For this particular recipe:

  • Take 100g of your 400g of flour and place it in a basin without salt.
  • Add all of your (reduced levels) of yeast.
  • Slowly add enough of your 290g of water (about 150g) creaming the ingredients together to make a creamy batter
  • Rest this mix for 30min then tip on to the remaining ingredients (including the remainder of the water) in the bread machine and set the machine running on your shortest program.

This simple change will ensure that the process has a “flying start”.

Adapting a Flying Sponge for Other Recipes

If you want to try this method with other recipes there is a simple calculation you can use to make a flying sponge. From your weighed ingredients:

Take 20% of your weighed flour (For example 200g from the weighed out flour for a recipe requiring 1kg)

All of your yeast (the total weight required by the recipe)

Add one and a half times the weight of your flour in water, from your weighed water (e.g. in this example the weight of the flour for the sponge is 200g therefore add 1.5 x 200g = 300g from the total weight of water required by the water).

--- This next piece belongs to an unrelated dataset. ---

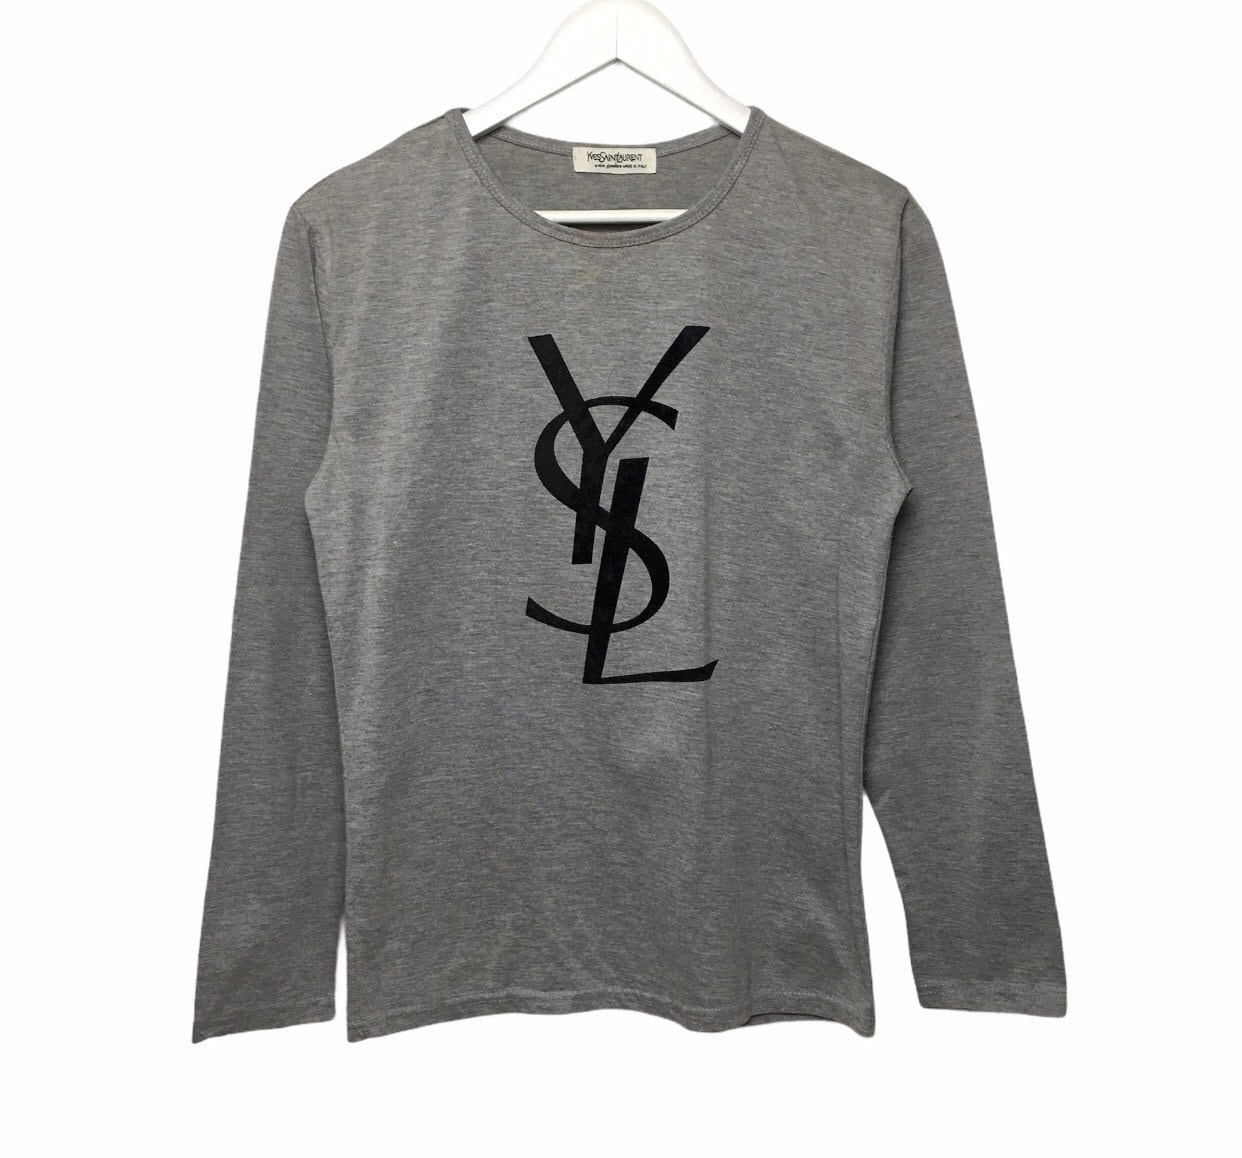 YSL Yves Saint Laurent T-Shirts for Men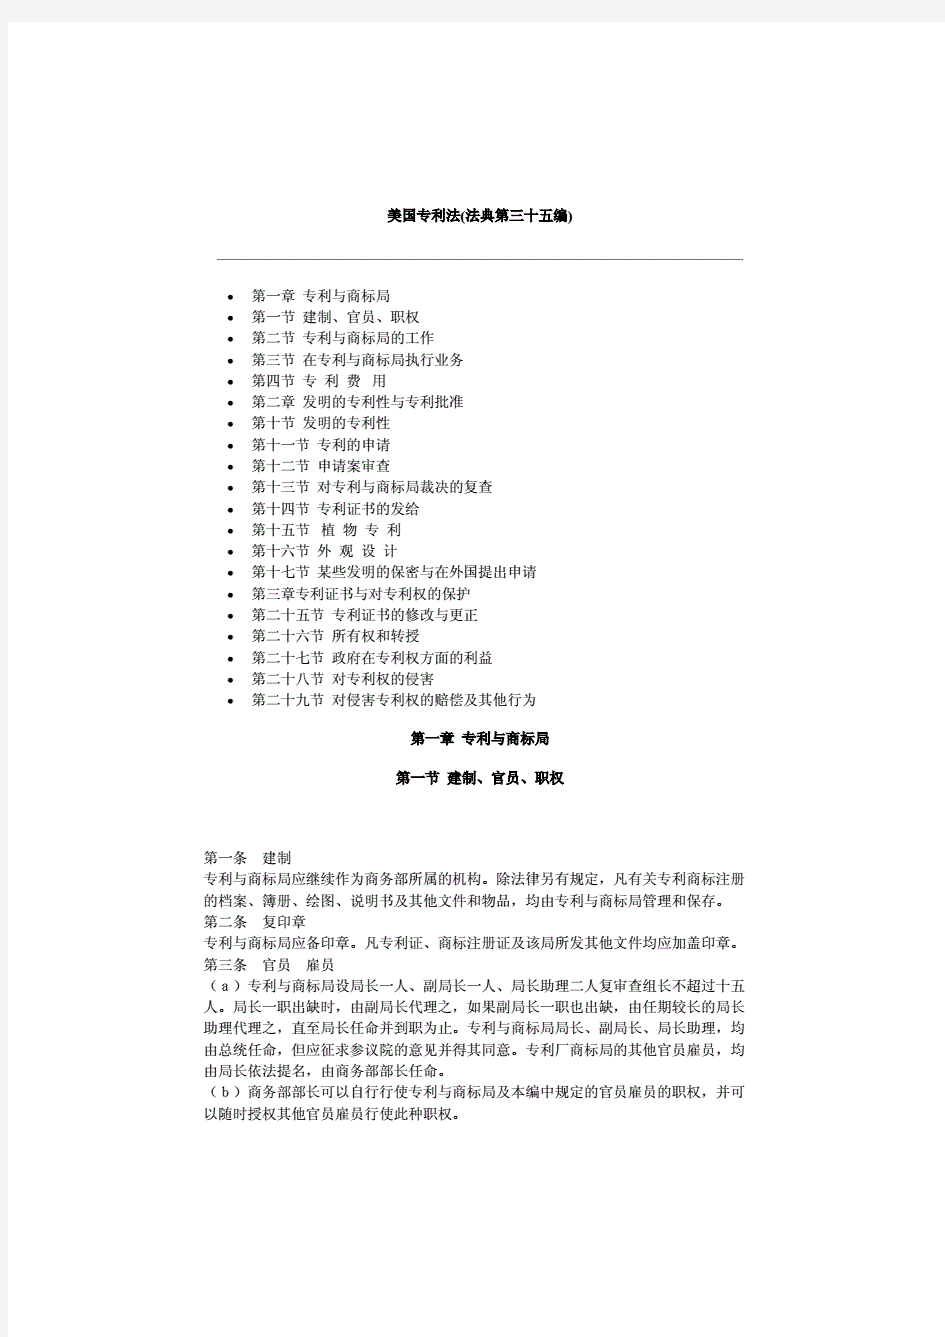 美国专利法(中文)

Then follow the method above to make your flying sponge.

Temperature

Temperature is another thing to look at as this can creep up on you through the summer months, magnifying any small variances there may be. These doughs are better if the temperature is between 21-25°C so set the dough with chilled water through the warm months and ambient through the cooler months. If you have a kitchen thermometer with a probe, you can use the probe to check the dough temperature by inserting it into the dough mix; this will enable you to adjust your water temperature more accurately.

Did This Help?

Hope these guidelines help you get back on track with the breads you enjoy eating.

Please keep me informed of your progress and come back to me if this problem persists.